[Feature] Add support for Llama 3.1 and 3.2 tool use (#8343)

Signed-off-by: Max de Bayser <mbayser@br.ibm.com>
2024-09-26 21:01:42 -03:00
parent 1b49148e47
commit 344cd2b6f4
10 changed files with 576 additions and 27 deletions
--- a/docs/source/serving/openai_compatible_server.md
+++ b/docs/source/serving/openai_compatible_server.md
@@ -157,10 +157,10 @@ vLLM will use guided decoding to ensure the response matches the tool parameter
 To enable this feature, you should set the following flags:
 * `--enable-auto-tool-choice` -- **mandatory** Auto tool choice. tells vLLM that you want to enable the model to generate its own tool calls when it 
 deems appropriate.
-* `--tool-call-parser` -- select the tool parser to use - currently either `hermes` or `mistral`. Additional tool parsers 
+* `--tool-call-parser` -- select the tool parser to use - currently either `hermes`, `mistral` or `llama3_json`. Additional tool parsers 
 will continue to be added in the future.
 * `--chat-template` -- **optional** for auto tool choice. the path to the chat template which handles `tool`-role messages and `assistant`-role messages 
-that contain previously generated tool calls.
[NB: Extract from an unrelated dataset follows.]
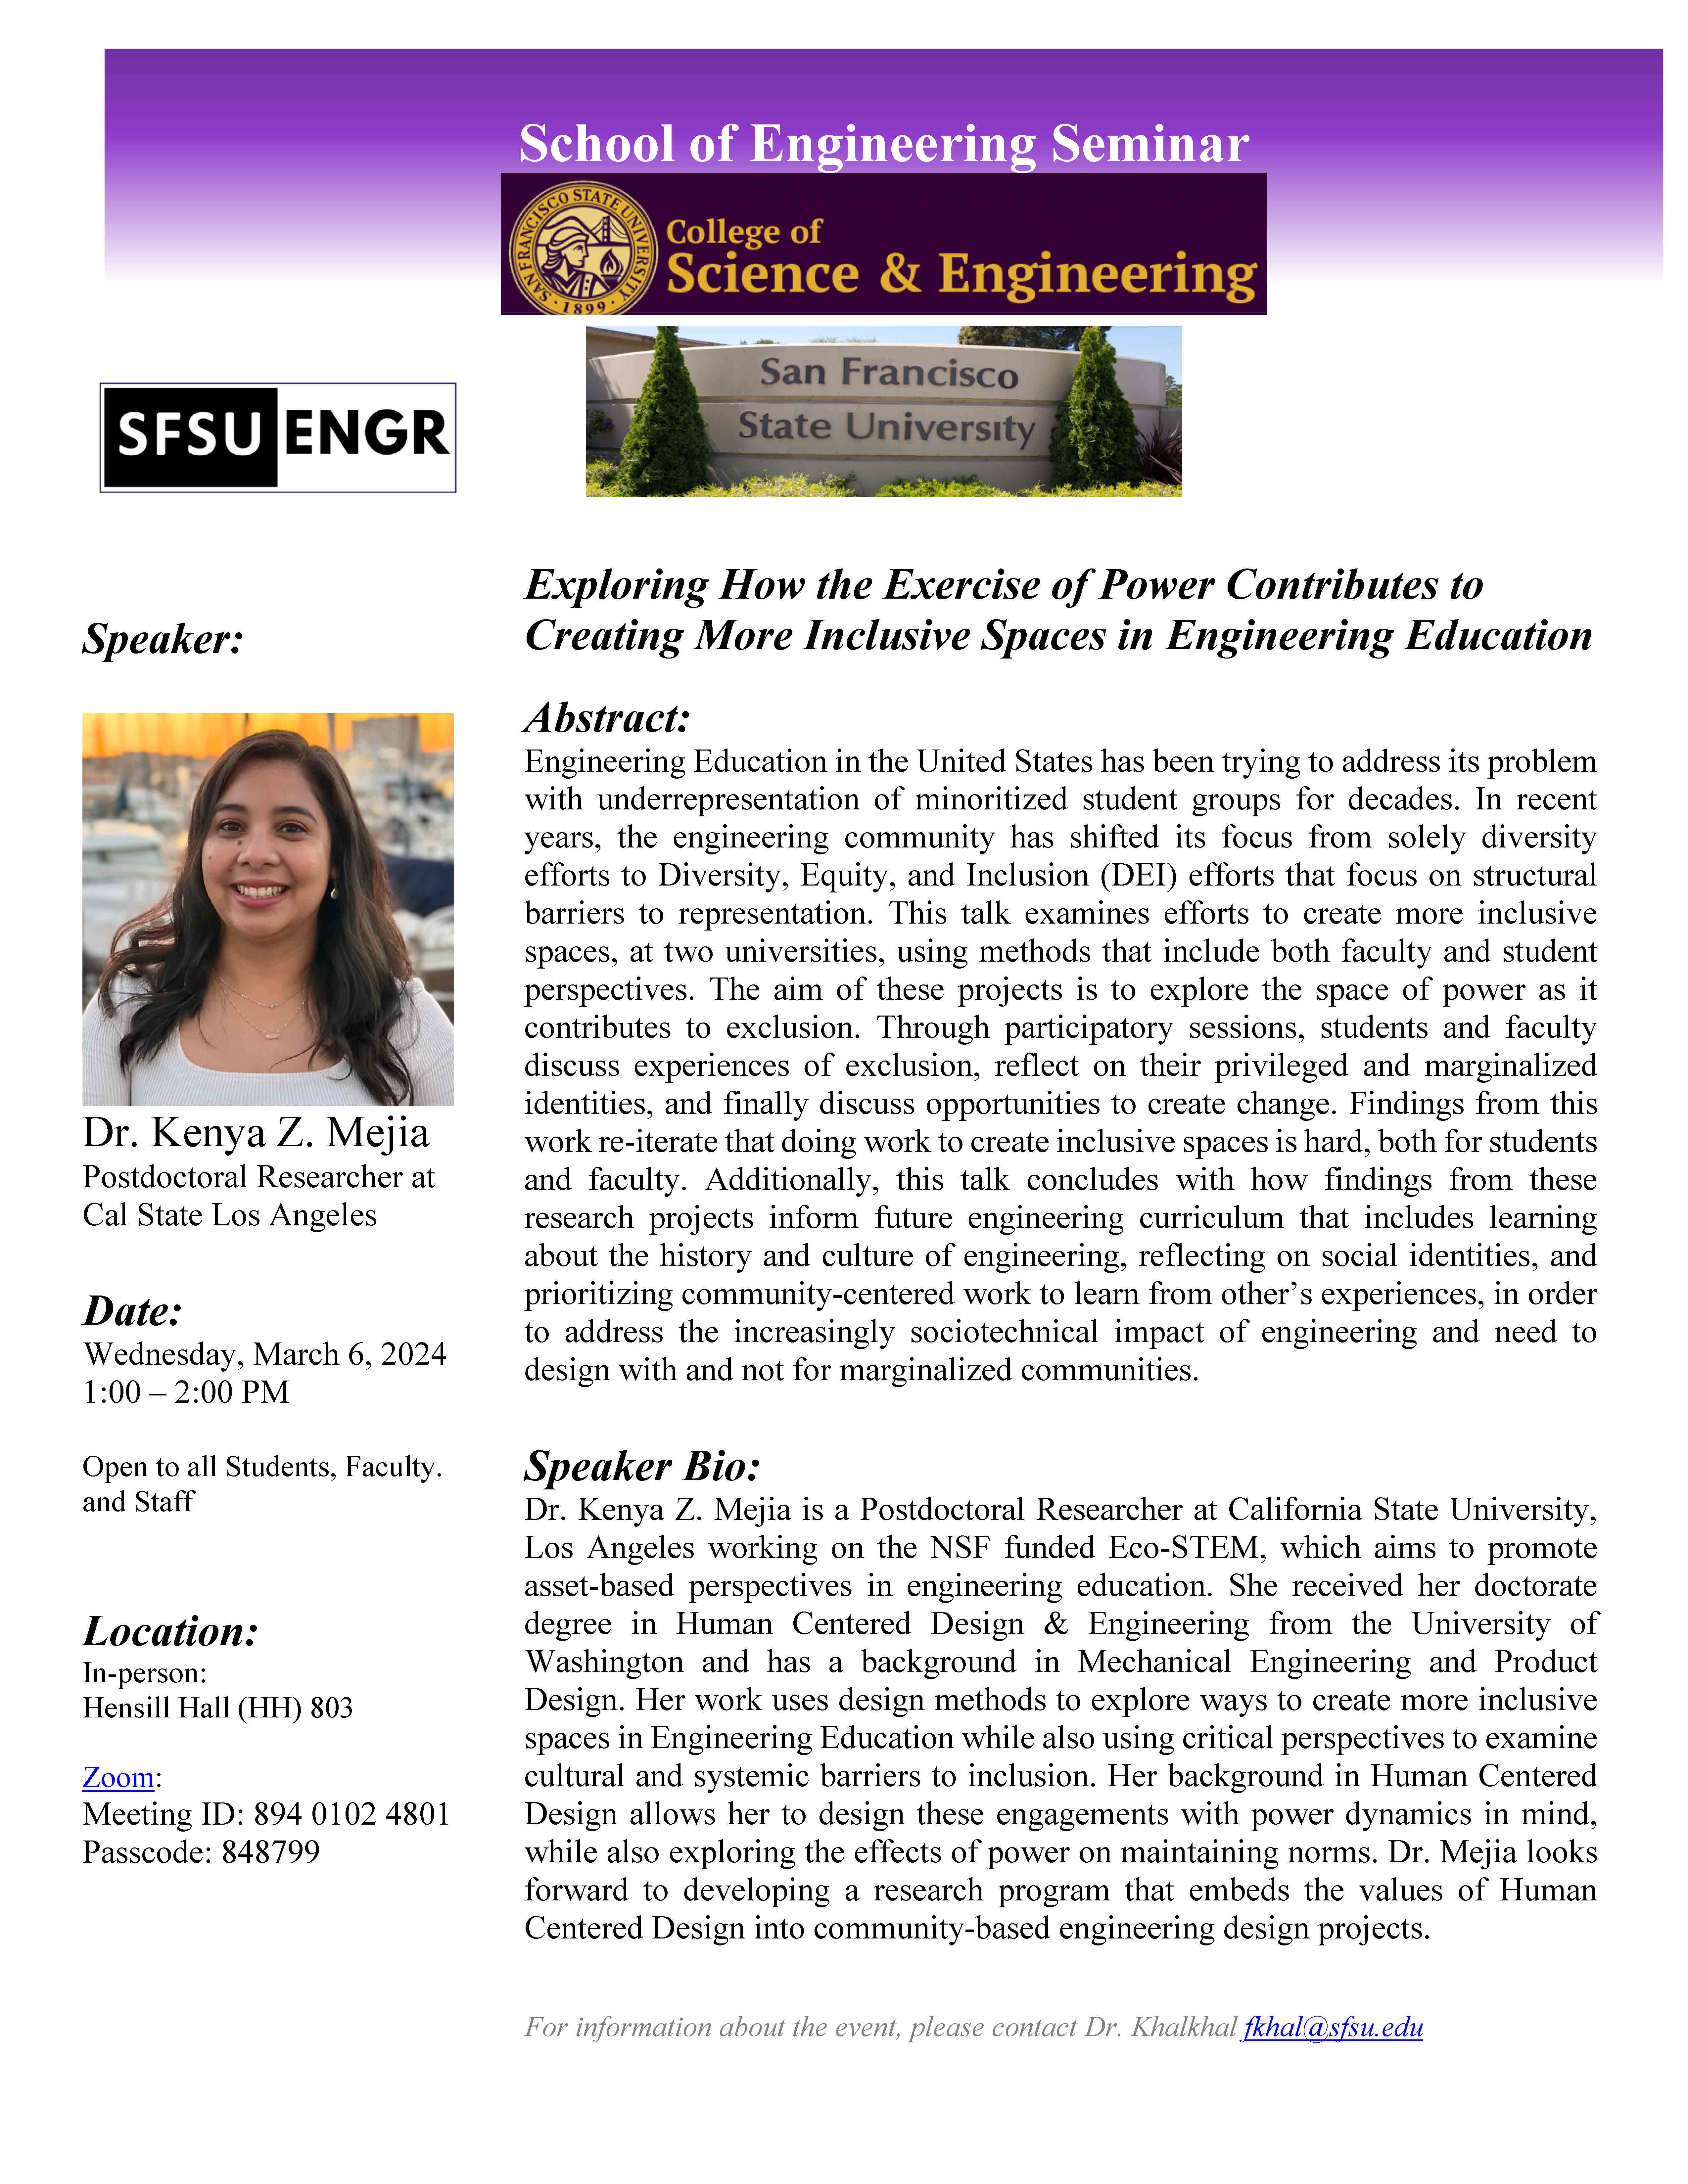 SFSU ENGR Mechanical Engineering Faculty Candidate Seminar Exploring How the Exercise of Power Contributes to Creating More Inclusive Spaces in Engineering Education by Dr. Kenya Mejia

Hermes and Mistral models have tool-compatible chat templates in their 
+that contain previously generated tool calls. Hermes, Mistral and Llama models have tool-compatible chat templates in their 
 `tokenizer_config.json` files, but you can specify a custom template. This argument can be set to `tool_use` if your model has a tool use-specific chat 
 template configured in the `tokenizer_config.json`. In this case, it will be used per the `transformers` specification. More on this [here](https://huggingface.co/docs/transformers/en/chat_templating#why-do-some-models-have-multiple-templates)
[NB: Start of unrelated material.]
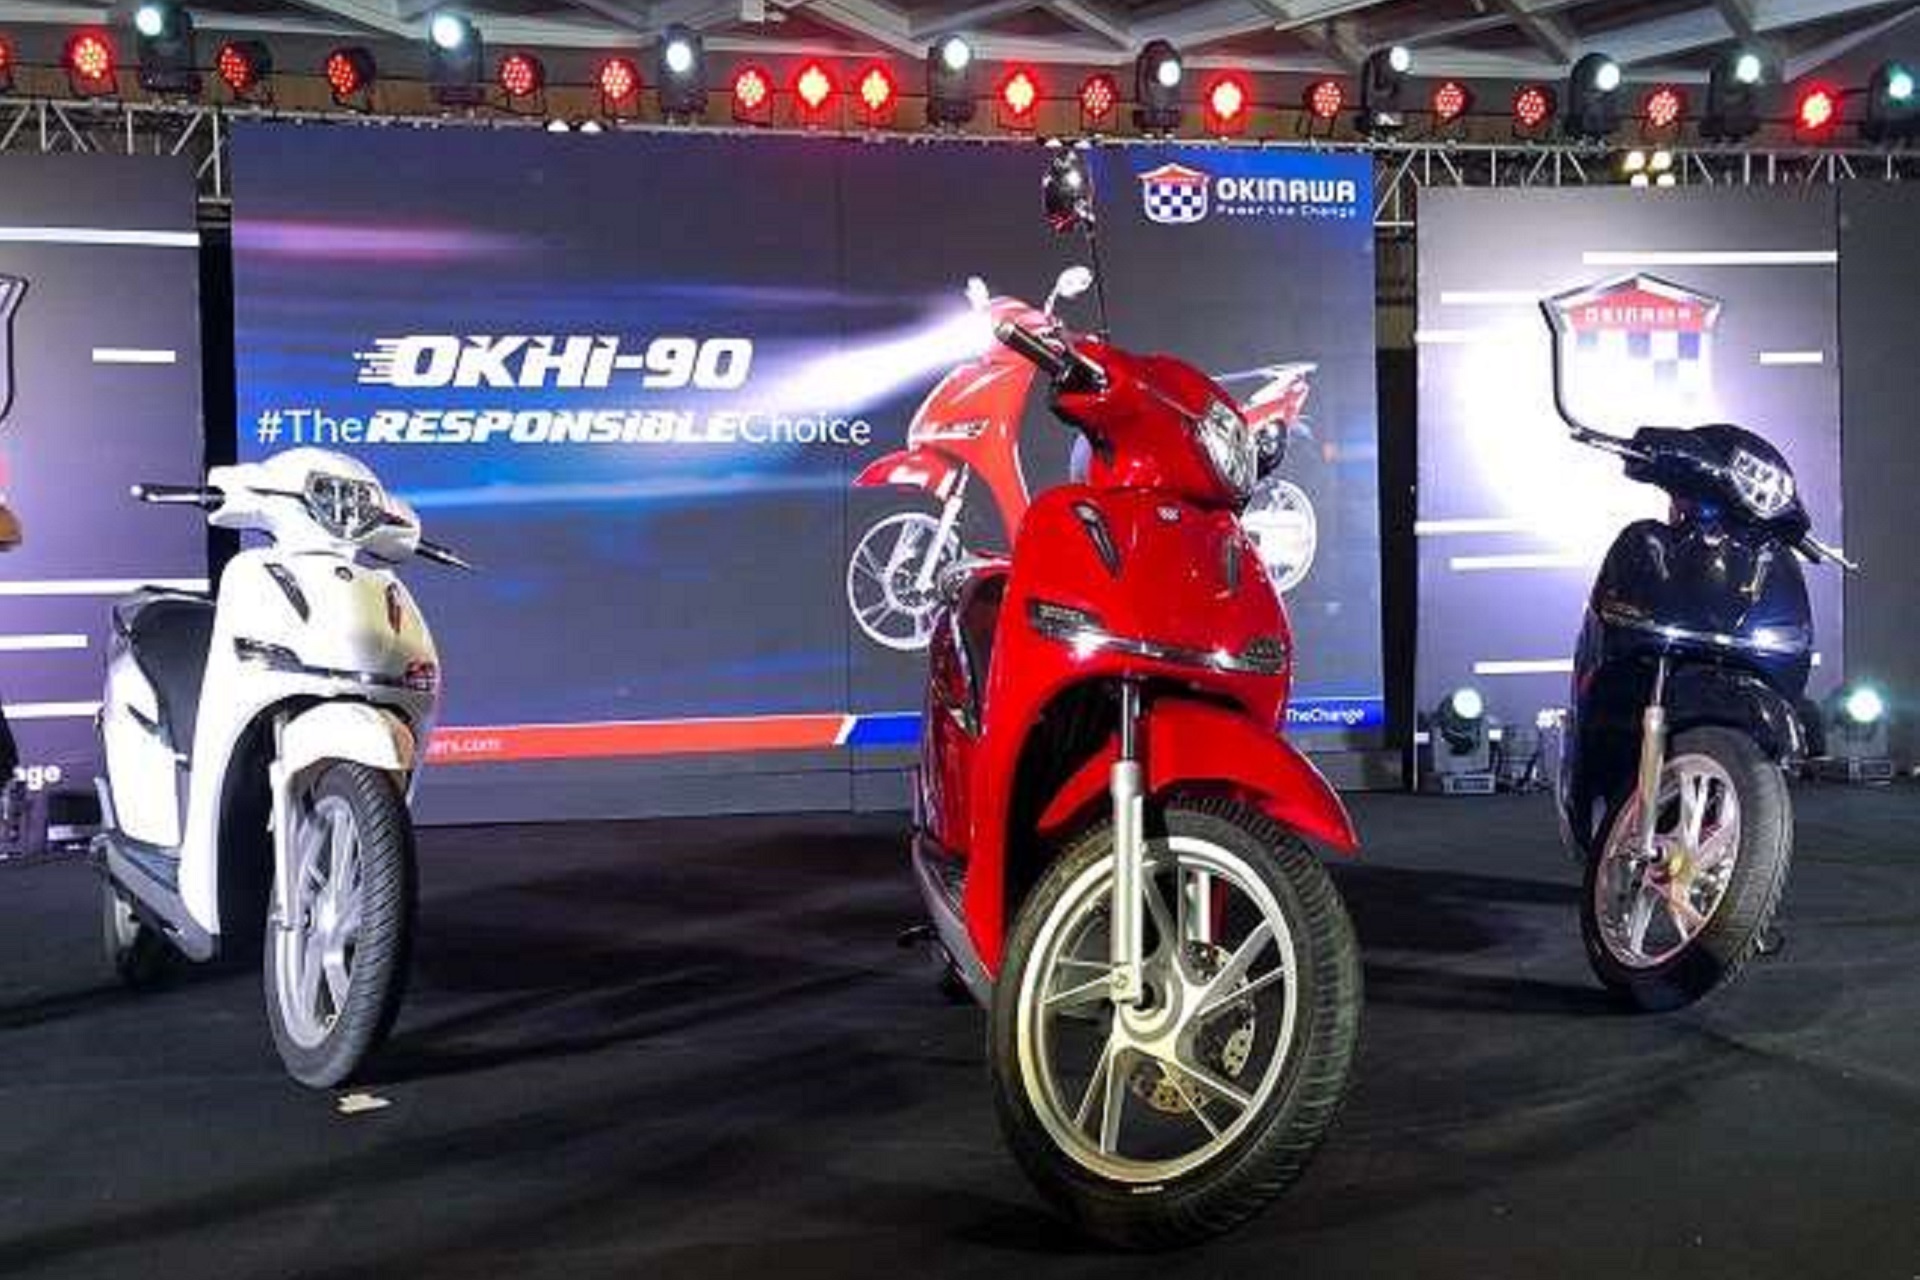 Okinawa Emerges As The Biggest Electric Two-Wheeler Manufacturer In India

 from HuggingFace; and you can find an example of this in a `tokenizer_config.json` [here](https://huggingface.co/NousResearch/Hermes-2-Pro-Llama-3-8B/blob/main/tokenizer_config.json)
@@ -197,3 +197,25 @@ when tools are provided, that results in much better reliability when working wi


 Recommended flags: `--tool-call-parser mistral --chat-template examples/tool_chat_template_mistral_parallel.jinja`
+
+#### Llama Models
+Supported models:
+* `meta-llama/Meta-Llama-3.1-8B-Instruct`
+* `meta-llama/Meta-Llama-3.1-70B-Instruct`
+* `meta-llama/Meta-Llama-3.1-405B-Instruct`
+* `meta-llama/Meta-Llama-3.1-405B-Instruct-FP8`
+
+The tool calling that is supported is the [JSON based tool calling](https://llama.meta.com/docs/model-cards-and-prompt-formats/llama3_1/#json-based-tool-calling).
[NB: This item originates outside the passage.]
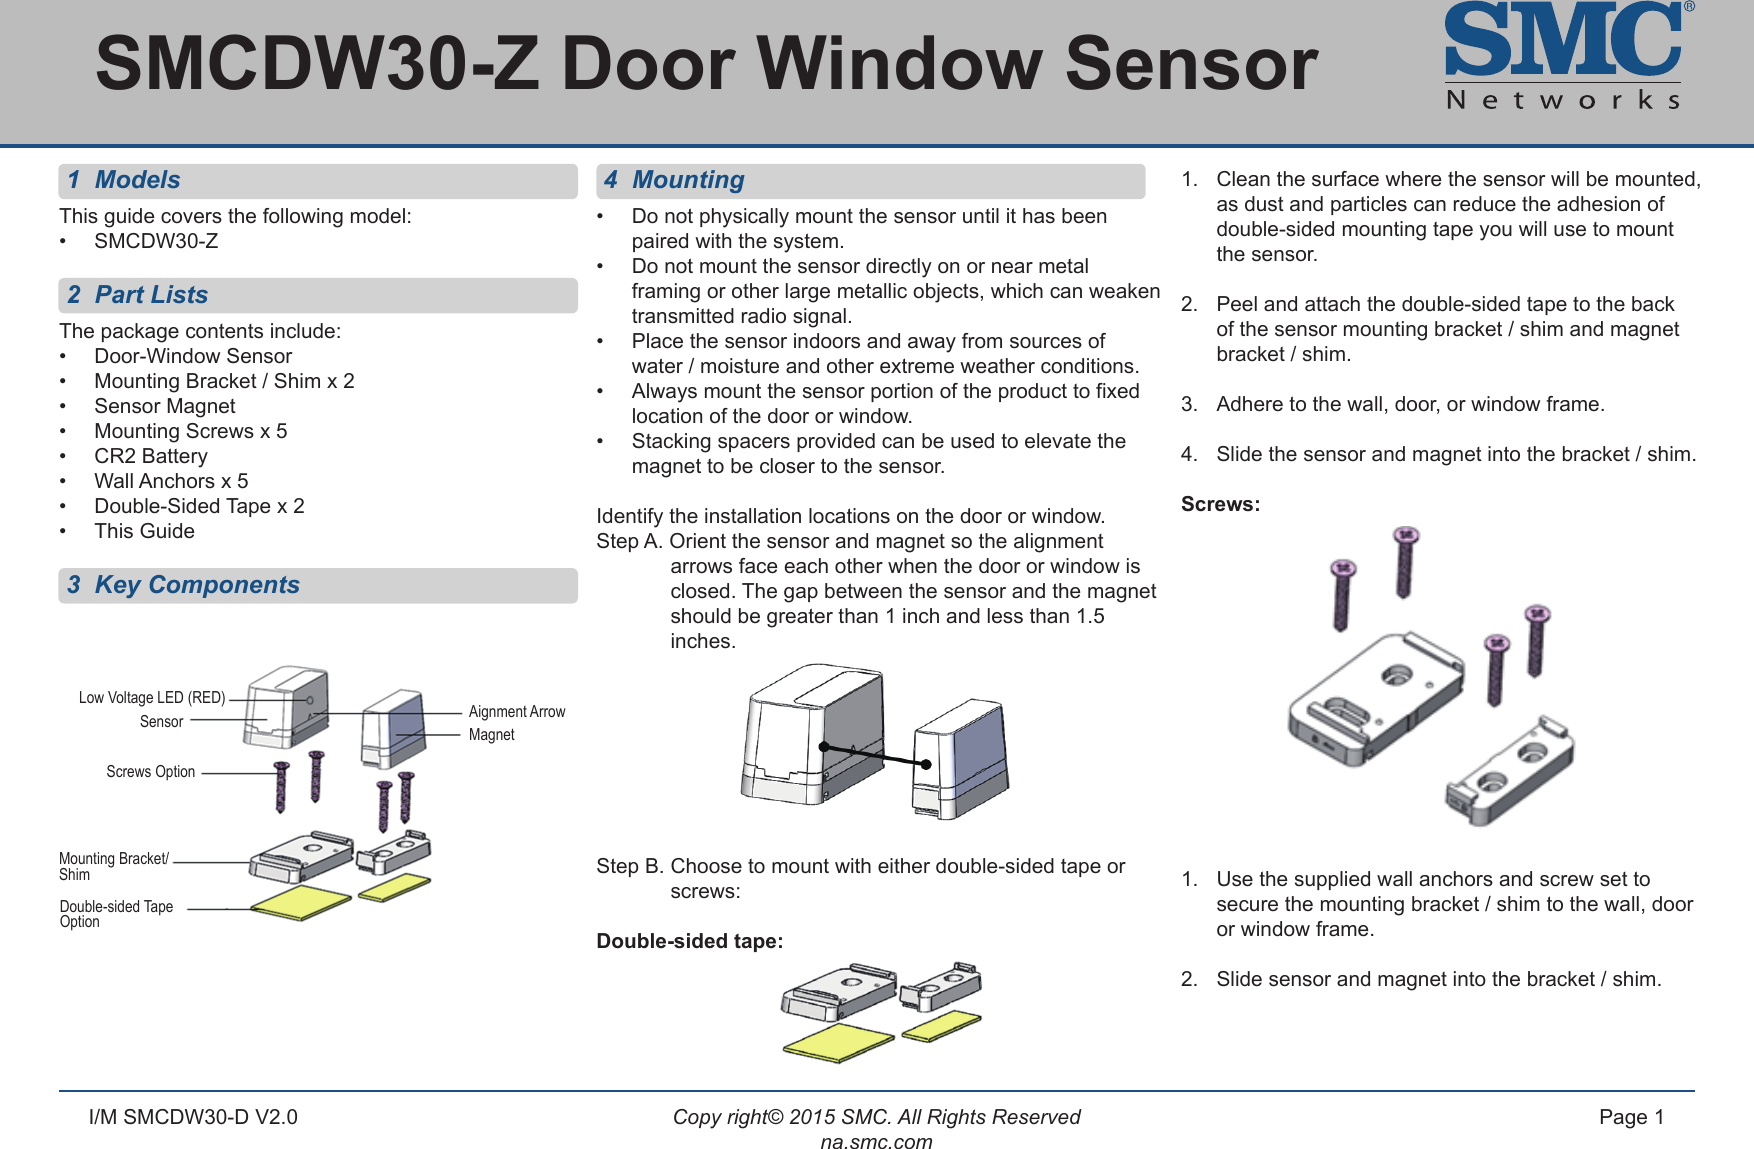 Copy right© 2015 SMC. All Rights Reservedna.smc.comPage 1I/M SMCDW30-D V2.0 1  ModelsThis guide covers the following model:•  SMCDW30-Z 2  Part ListsThe package contents include:•  Door-Window Sensor •  Mounting Bracket / Shim x 2•  Sensor Magnet •  Mounting Screws x 5•  CR2 Battery•  Wall Anchors x 5•  Double-Sided Tape x 2 •  This Guide 3  Key Components 4 Mounting•  Do not physically mount the sensor until it has been     paired with the system.•  Do not mount the sensor directly on or near metal      framing or other large metallic objects, which can weaken    transmitted radio signal.•  Place the sensor indoors and away from sources of      water / moisture and other extreme weather conditions.•  Always mount the sensor portion of the product to fixed    location of the door or window.•  Stacking spacers provided can be used to elevate the    magnet to be closer to the sensor.Identify the installation locations on the door or window. Step A. Orient the sensor and magnet so the alignment        arrows face each other when the door or window is      closed. The gap between the sensor and the magnet      should be greater than 1 inch and less than 1.5       inches.  Step B. Choose to mount with either double-sided tape or     screws:Double-sided tape: 1.   Clean the surface where the sensor will be mounted,    as dust and particles can reduce the adhesion of      double-sided mounting tape you will use to mount   the sensor.2.  Peel and attach the double-sided tape to the back   of the sensor mounting bracket / shim and magnet      bracket / shim. 3.  Adhere to the wall, door, or window frame.4.  Slide the sensor and magnet into the bracket / shim.Screws: 1.  Use the supplied wall anchors and screw set to      secure the mounting bracket / shim to the wall, door     or window frame.2.   Slide sensor and magnet into the bracket / shim.SMCDW30-Z Door Window Sensor Aignment ArrowMagnetLow Voltage LED (RED)SensorScrews OptionMounting Bracket/ShimDouble-sided Tape Option

+Other tool calling formats like the built in python tool calling or custom tool calling are not supported.
+
+Known issues:
+1. Parallel tool calls are not supported. 
+2. The model can generate parameters with a wrong format, such as generating
+   an array serialized as string instead of an array.
+
+The `tool_chat_template_llama3_json.jinja` file contains the "official" Llama chat template, but tweaked so that
+it works better with vLLM.
+
+Recommended flags: `--tool-call-parser llama3_json --chat-template examples/tool_chat_template_llama3_json.jinja`
+
+